Ворота Лазутина встретили их обычным постом стражников, досматривающих повозки и собирающих плату за въезд в город. Одного из трёх стражников на воротах она знала - хотя узнала с трудом - так он распоролся на тихой и сытной службе. Из двадцатилетнего худого мальчишки превратившись в совершеннейшего борова лет пятидесяти - из-за разгульной жизни, наверное. Он не узнал Марьяну, хотя когда-то приходил к ней лечиться, когда она ещё держала лавку на Цветочной улице. Марьяна не стала напоминать ему о себе, заплатила входную пошлину за себя из а своих охранников - у стражи, как обычно, не нашлось сдачи с золотого, и вот сани со скрипом несутся по брусчатой улице - снег местами вытаял от выплёскиваемых на мостовую помоев и как всегда Марьяна с раздражением вдохнула сладкий запах помоев, мочи и тлена.
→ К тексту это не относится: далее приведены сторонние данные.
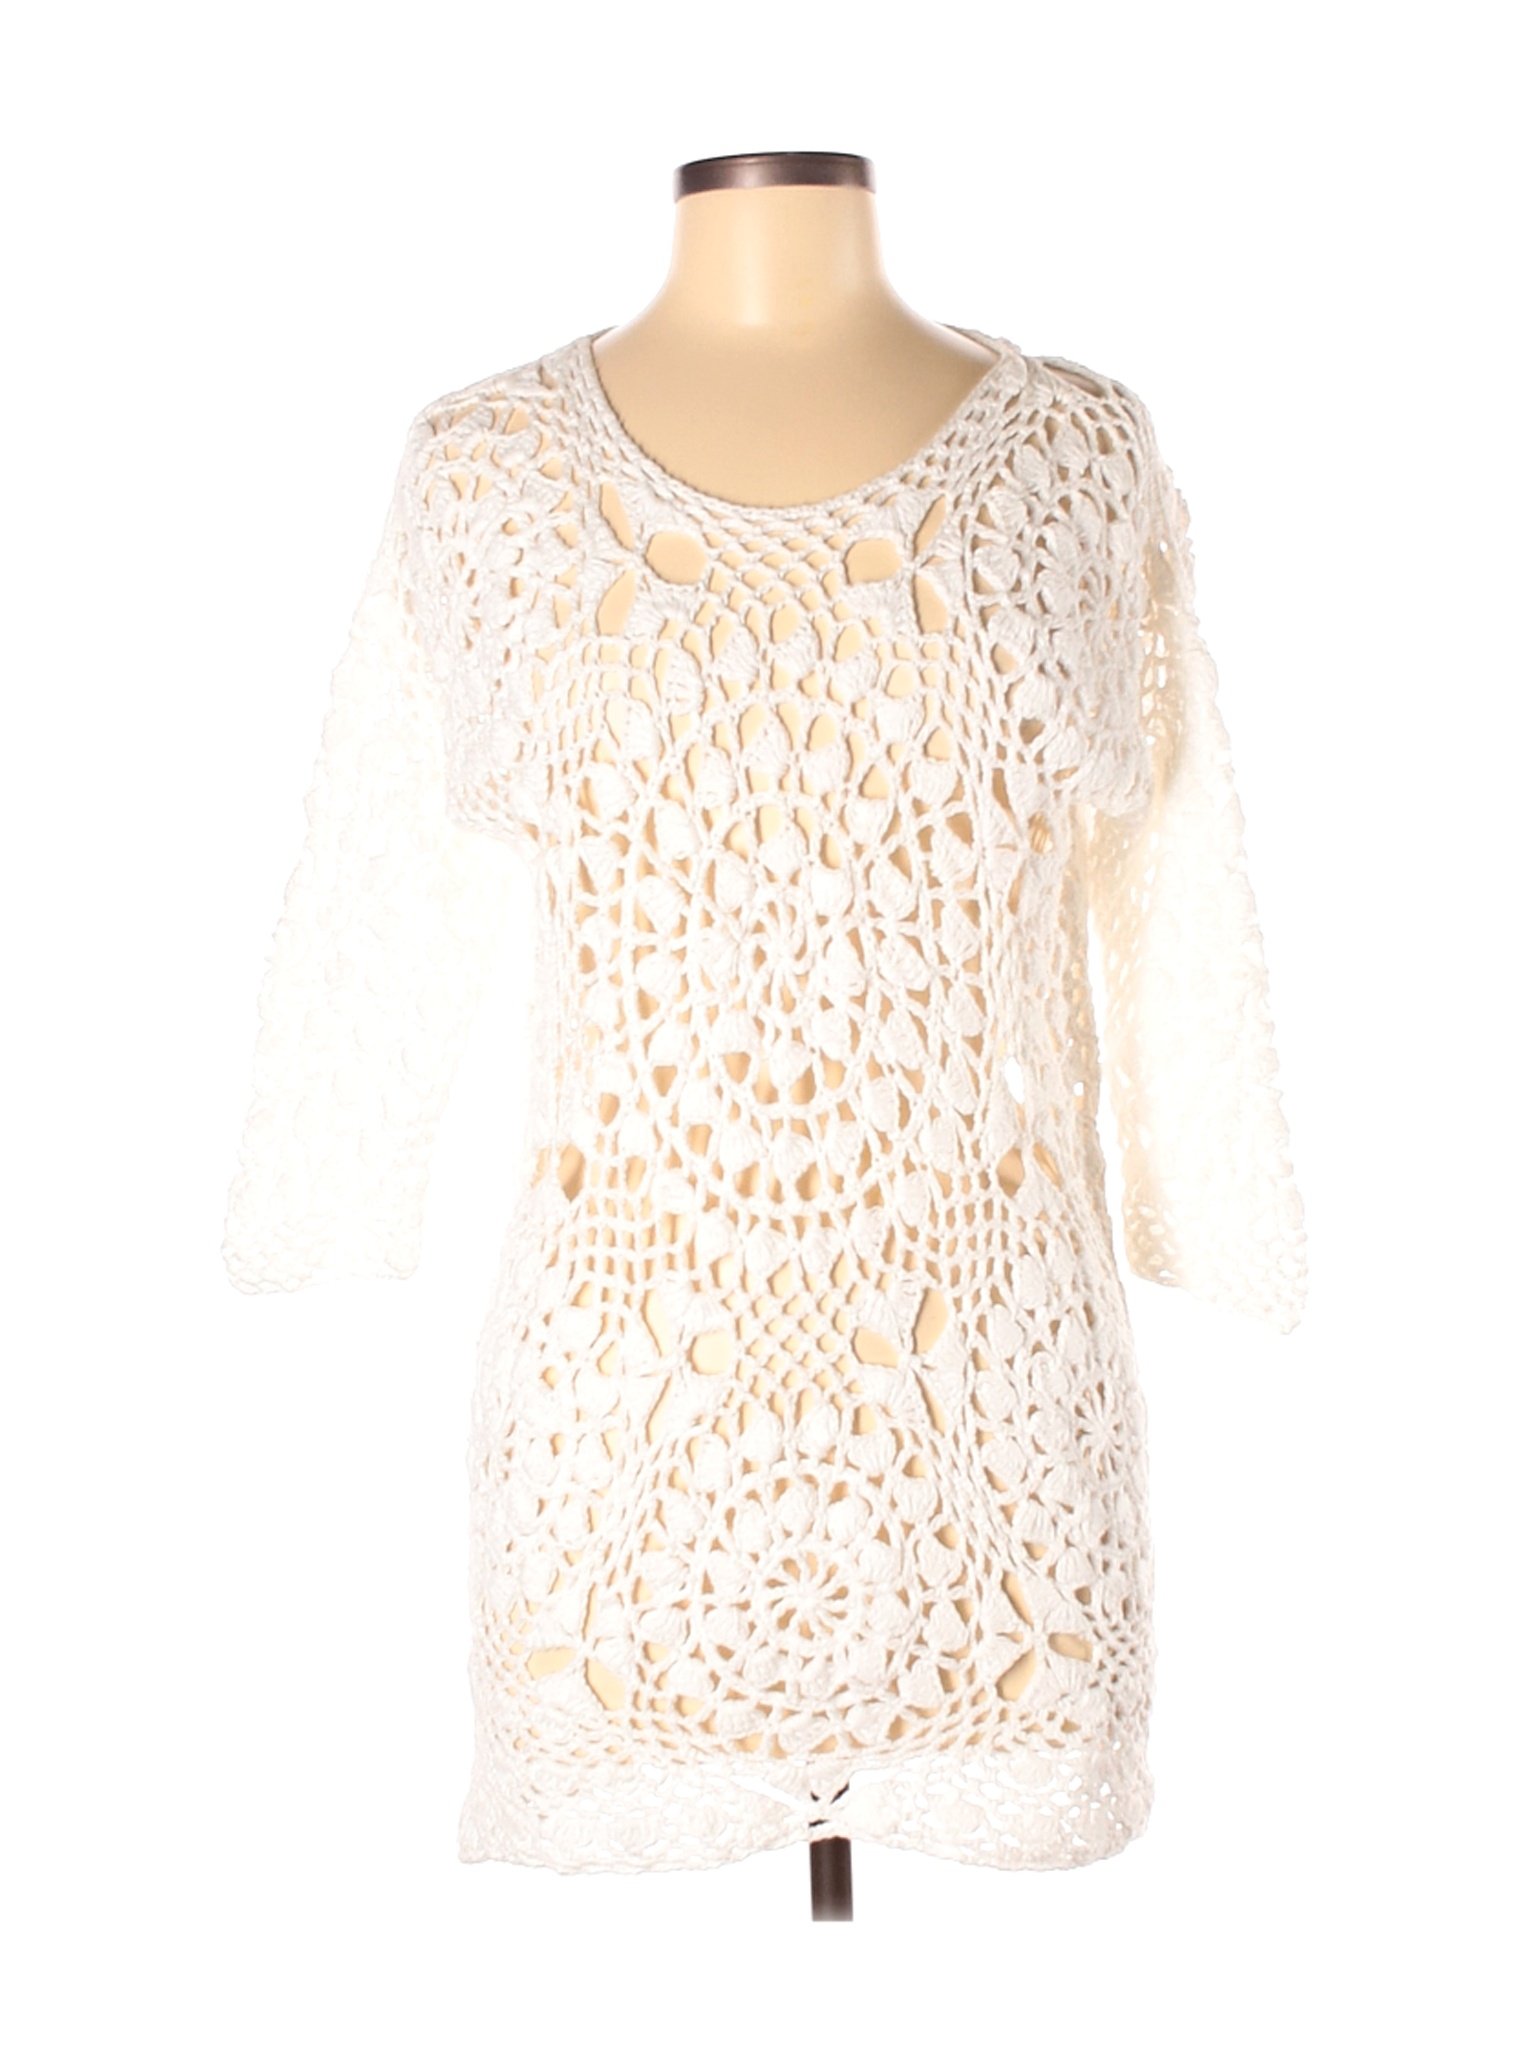 PURE HANDKNIT Women Ivory Pullover Sweater M | eBay

Насколько же всё-таки более здоровый воздух в клинике, чем тут - подумала она. Наконец их сани подъехали к гостинице, оттуда выбежал мальчишка- конюх, принимая их лошадей, сани загнали во двор, под навес, укрыли брезентом и сопровождаемая охранниками Марьяна поднялась в тот номер, что ей предоставили хозяева гостиницы. Конечно, он отличался от трактирных помещений - спальня обита шёлковой тканью. Кровать с периной под узорчатым балдахином. Вторая комната с настоящим унитазом и медной начищенной ванной - правда, в которую. Всё равно надо было таскать воду вручную, но зато сливалась она через дырку в днище - потом вся грязная вода и нечистоты отправлялись по трубам из гостиницы в канавы по сторонам мостовой. И оттуда уже в реку...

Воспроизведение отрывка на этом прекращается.